FALL 2009 , Featured Articles, Palin in the News
Palin and America's Paranoid-Style Politics
Santa Cruz writer and filmmaker Geoffrey Dunn is currently at work on a book about Sarah Palin and American politics, to be published next year by Macmillan/St. Martin's.
Several writers, most notably those on the conservative right, have claimed that Palin is the new Ronald Reagan. As much as I detested the policies of our 40th president, that comparison is decidedly unfair to the Gipper. It's also politically misleading. Reagan understood the "big tent" concept of the Republican Party and reached out to moderates and disaffected Democrats. For better or worse, he forged a majority coalition that defined American politics for a quarter century. Even Obama paid homage to it in "The Audacity of Hope," in which he acknowledged Reagan's appeal to "the traditional virtues of hard work, patriotism, personal responsibility, optimism and faith." Palin is all about small ball. While she has big personal ambitions, her political vision is both narrow and attenuated. She knows nothing about reaching out, and everything about cutting off. Expand the GOP as Reagan did? Hell no. She's all about shrinking it. During her campaign for vice president, she actually refused to appear with Republican leaders who were either pro-choice or differed with her position on oil drilling in the Arctic National Wildlife Refuge.
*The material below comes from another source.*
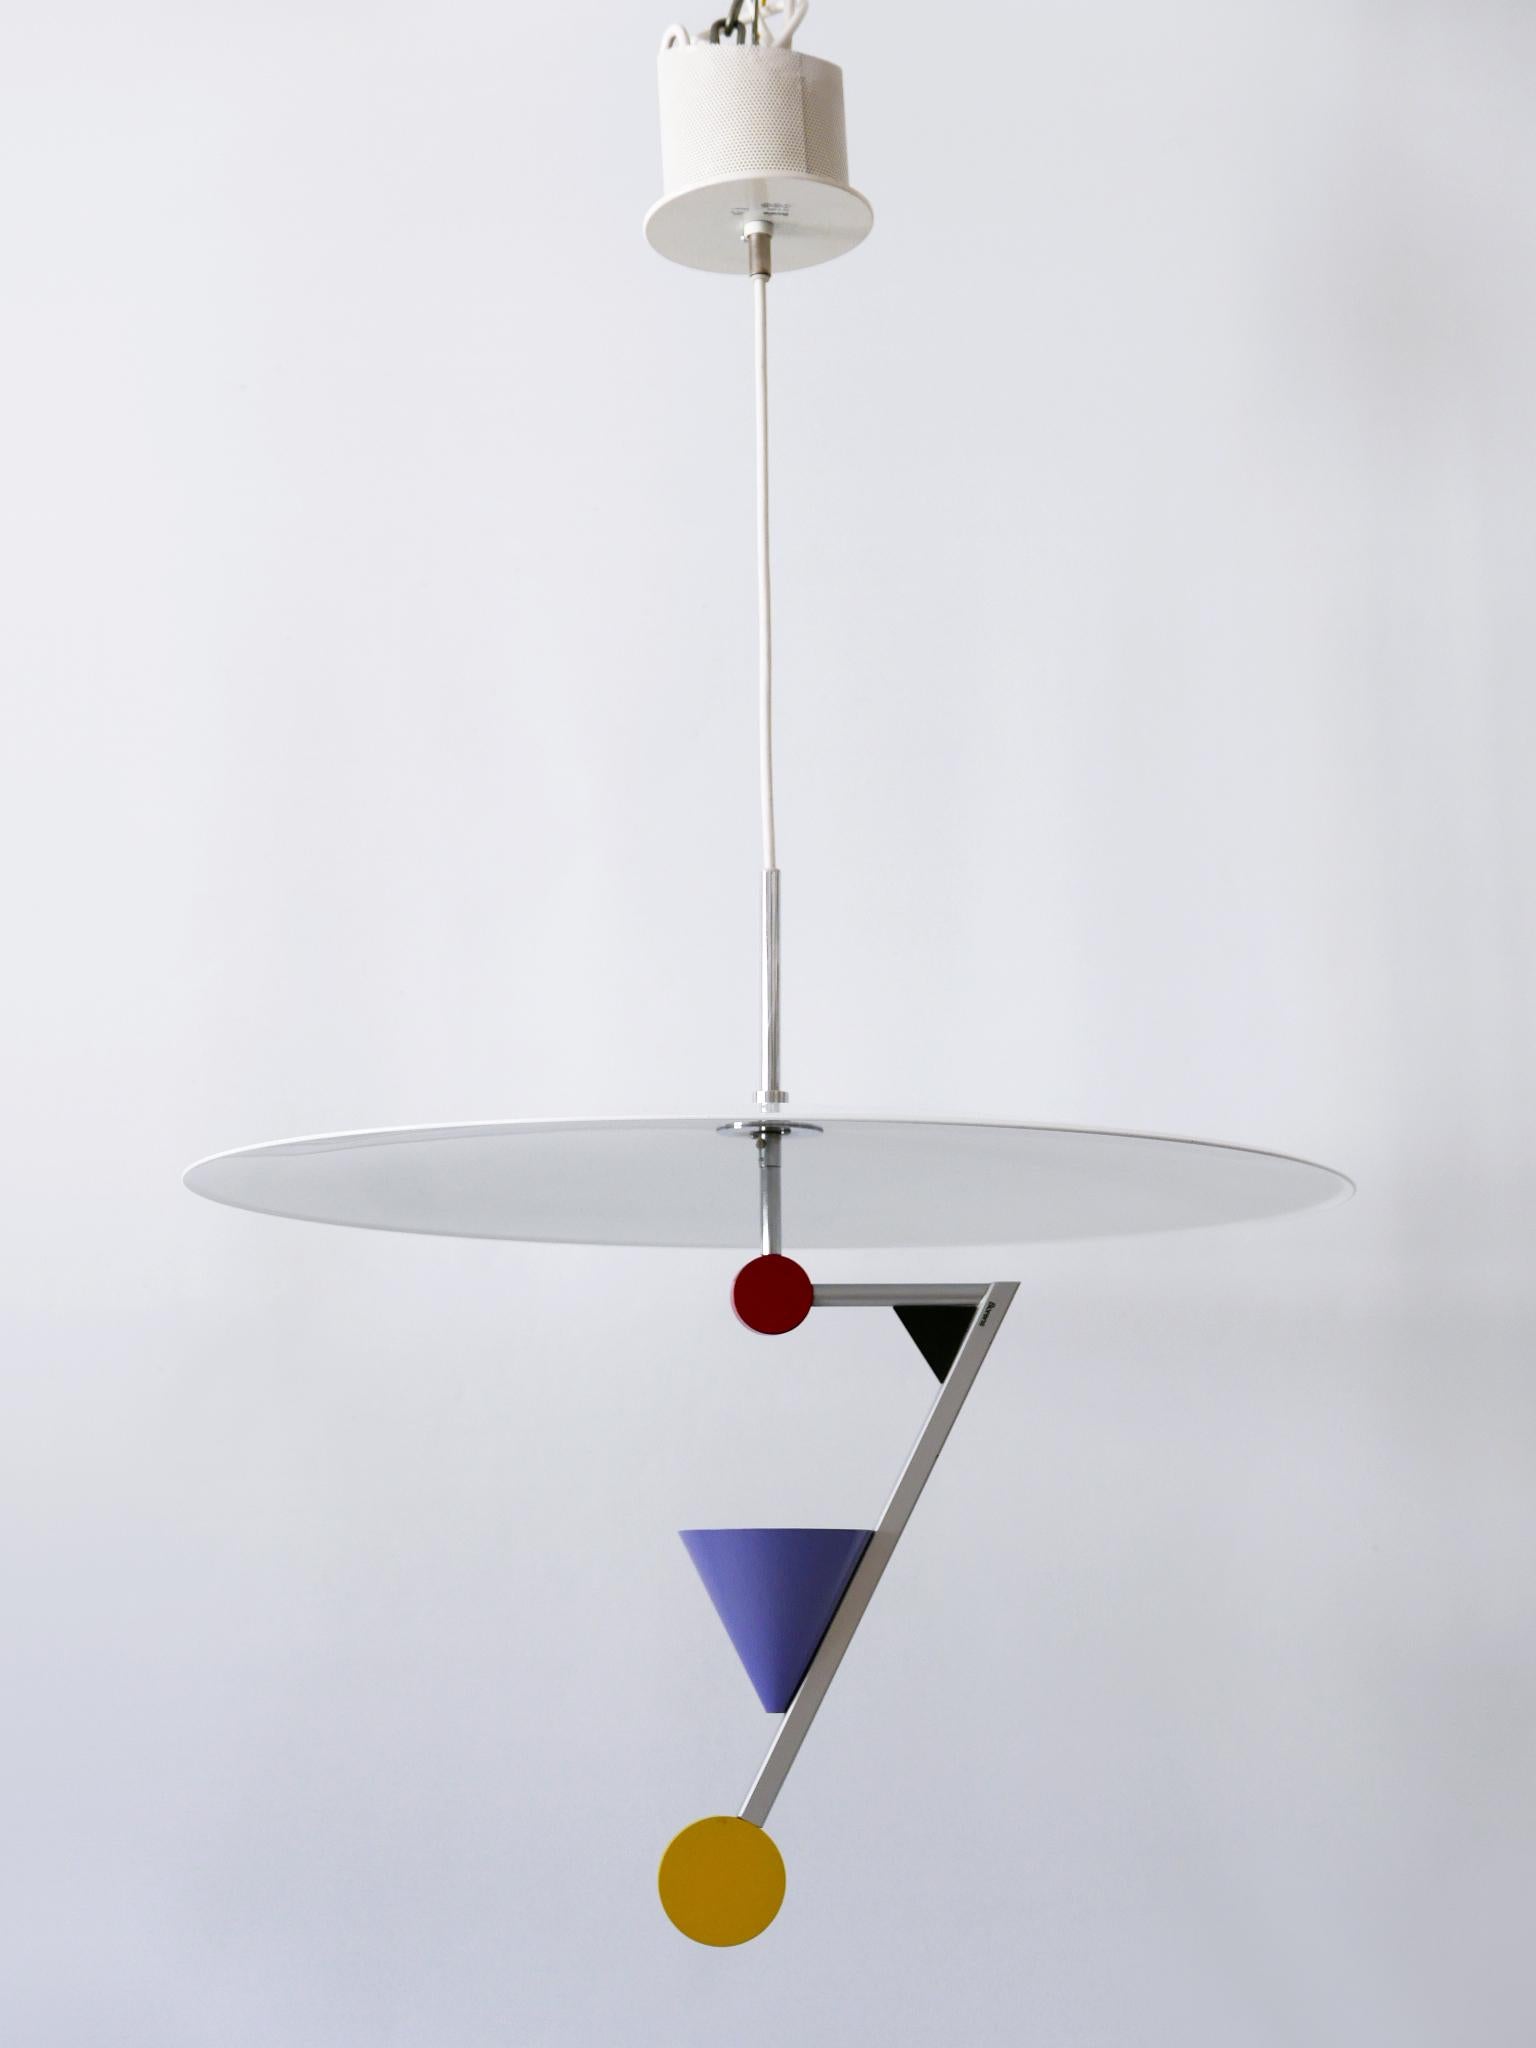 Incroyables lampes suspendues postmodernes Halo There d'Olle Andersson pour Borens 1982 en vente 6

The paranoid style is constrictive. "Catastrophe or the fear of catastrophe," Hofstadter declared, "is most likely to elicit the syndrome of paranoid rhetoric." Recall Palin's recent Facebook delusions of "death panels" and her characterization of Obama's proposed health care reforms as "downright evil." While right-wing radio hosts and cable news commentators like Glenn Beck and Rush Limbaugh give voice to the new millennium's paranoid impulse, Palin not only personifies the style, she has franchised it.